Some interesting stuff about the stock market
December 15, 2000

AUSTIN, Texas -- Hard to know what to do about the Middle East, although indicting Ariel Sharon for treason might be useful. And listening to presidential debates just makes one want to sigh. Al Gore: There are 1.4 million children in Texas without health insurance. George W. Bush: "If he's trying to allege that I'm a hard-hearted person and I don't care about children, he's absolutely wrong."

Sigh.

So let's consider some interesting stuff about the stock market. Stock options in high-tech companies, you may have heard tell, have created tons of new millionaires and are a splendid means of motivating employees. They also have this nice side benefit: They can cut a company's federal income tax to zero.

The San Jose Mercury News reports that Cisco Systems, Siebel Systems Inc. and America Online paid no federal income taxes in their latest fiscal year, the entire tax bill having been wiped out by tax benefits from issuing options to employees. The pattern is consistent across the high-tech spectrum, with Microsoft Inc., among others, getting a huge tax reduction. Cisco wiped out what would have been a $1.68 billion federal tax bill.

With stock options, the employee -- not the employer -- pays the taxes on the gain when the stock options are exercised, even if the profit is only on paper. The employer gets a tax benefit so as to avoid taxing the same transaction twice. This is nice for everyone but the feds -- in effect, a free lunch.

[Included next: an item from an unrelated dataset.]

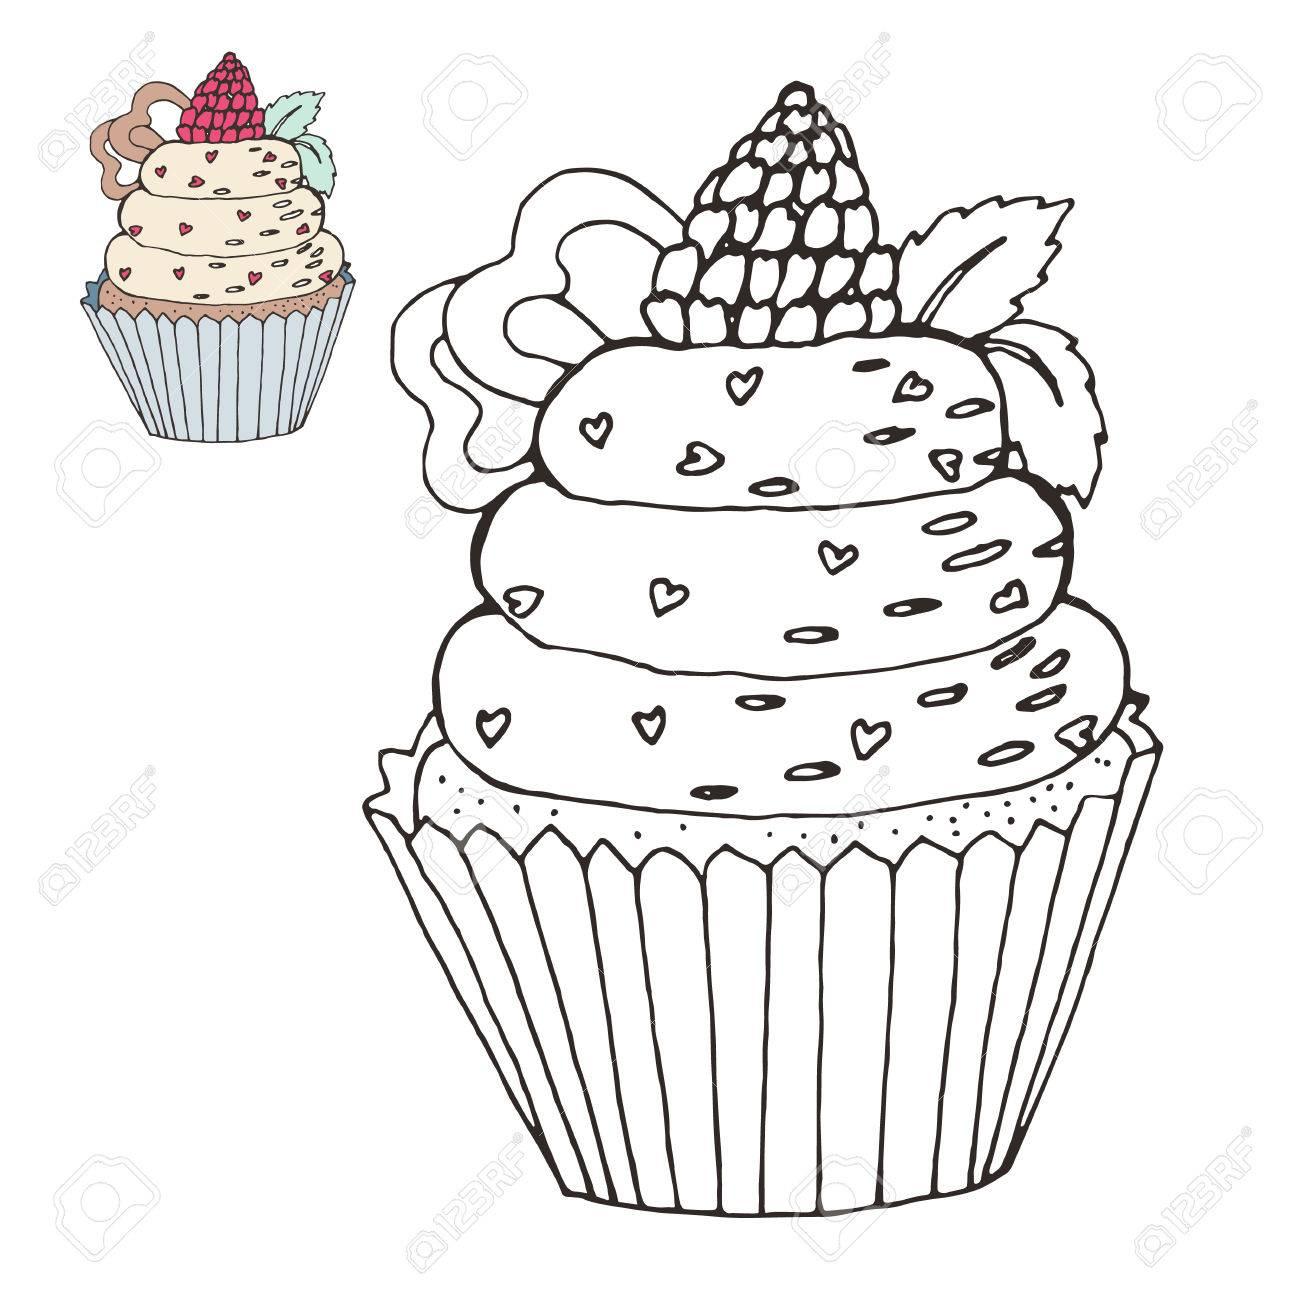 Asombroso Cupcakes Para Colorear Lindas Adorno - Enmarcado Para ...

But (here comes the but) stock options only work when stocks are going up. As Gretchen Morgenson wrote in a recent Market Watch column for The New York Times, "When stocks plummet, the options become unexercisable and possibly worthless, and the construct starts to crumble."

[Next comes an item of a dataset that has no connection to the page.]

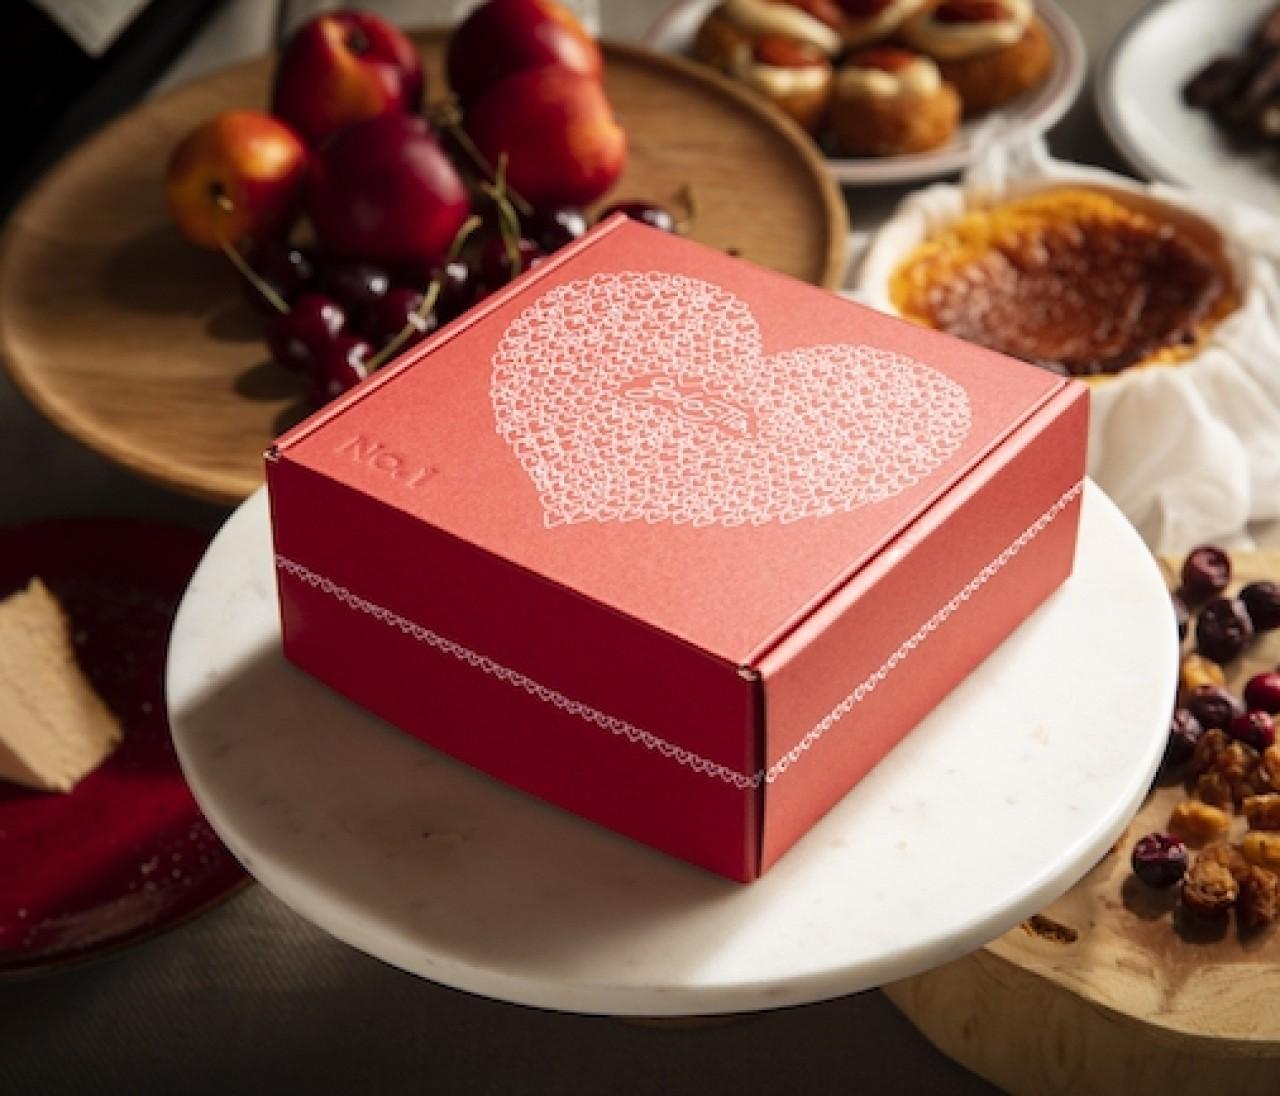 パッケージも味も最高♡話題のレストラン「golosita.」の飛び売れチーズケーキにバレンタイン限定パッケージが登場

This was starting to unravel even before the recent unpleasantness on the stock market. Morgenson cites one analyst who estimates that earnings by major companies were overstated by 6 percent last year because of generous option grants. The options cost the companies nothing to issue and saved them money on payroll costs. The savings go the bottom line, making a company's earnings look artificially high.

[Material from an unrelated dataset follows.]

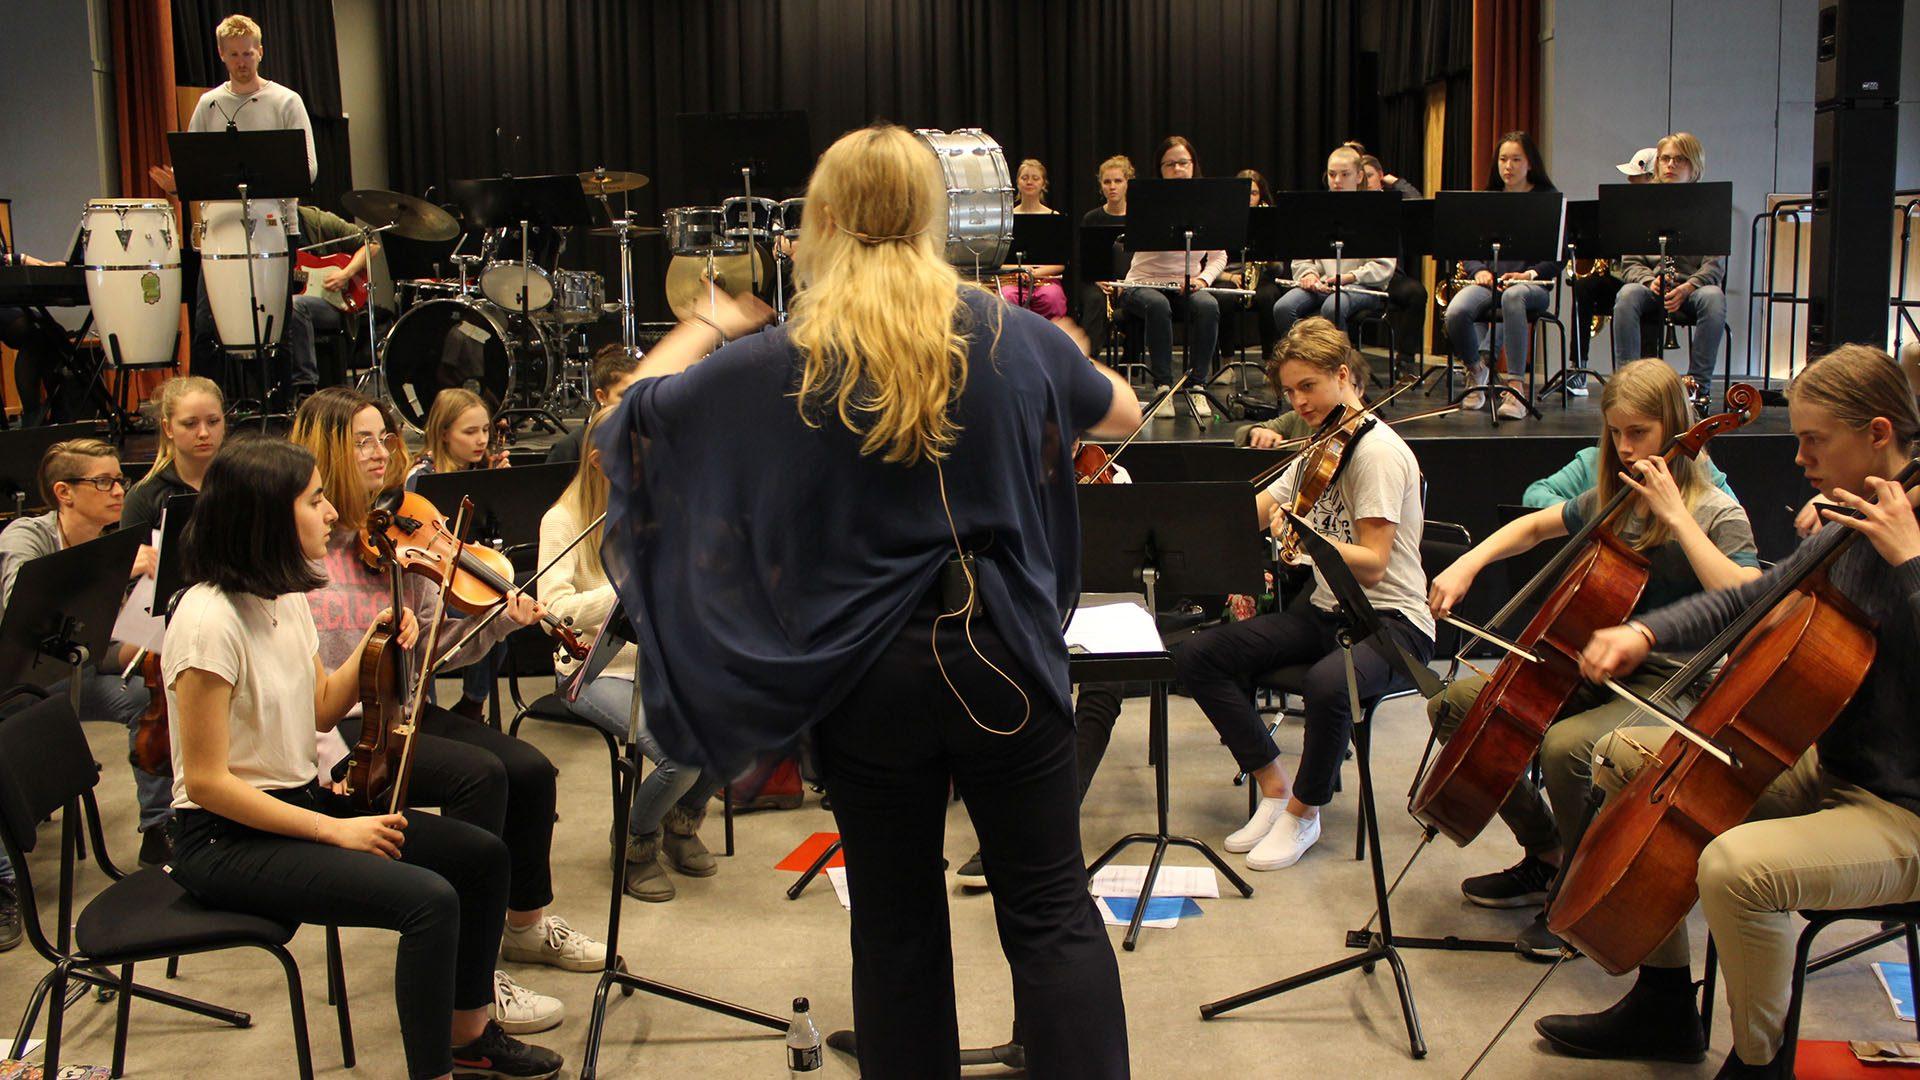 Elever från Kulturskolans orkester repeterar

But Morgenson points out that workers are beginning to demand money rather than stock options at precisely the wrong moment, when their companies' operations are slowing down. She cites figures on unexercisable options ranging from 40 percent at Amazon.com and 36 percent at Microsoft to 16 percent at Dell. Another chart shows reductions in 1999 earnings if options were counted as costs, starting with 24 percent at Cisco Systems.

What's worrying about this is that widespread use of stock options is something new; no one knows what happens to option-workers when the economy slows down and stocks go into an extended slide.

Not that I normally spend a lot of time worrying about dot-com baby billionaires, but it's always a good idea to keep an eye on the wilder shores of capitalism. You never know -- they're always inventing something like an infallible hedge fund, which then has to be bailed out by those of us who don't understand hedge funds.

There is some political fallout from recent stock market gyrations.

Watching the price of oil shoot up may make W. Bush's novel proposal that we encourage energy exploration in Mexico in order to avoid dependence on foreign oil sound reasonable. Then again, maybe not.

Also on the relationship between politics and capitalism, Dick Cheney misspoke himself during his debate with Joe Lieberman. Lieberman was teasing Cheney about how well he'd done under the Clinton economy; Cheney shot back, "It had nothing to do with the government." To the contrary: During Cheney's CEO-ship at Halliburton, the company got more than $3.8 billion in government contracts and taxpayer-insured loans -- a 15-fold increase over the previous five years.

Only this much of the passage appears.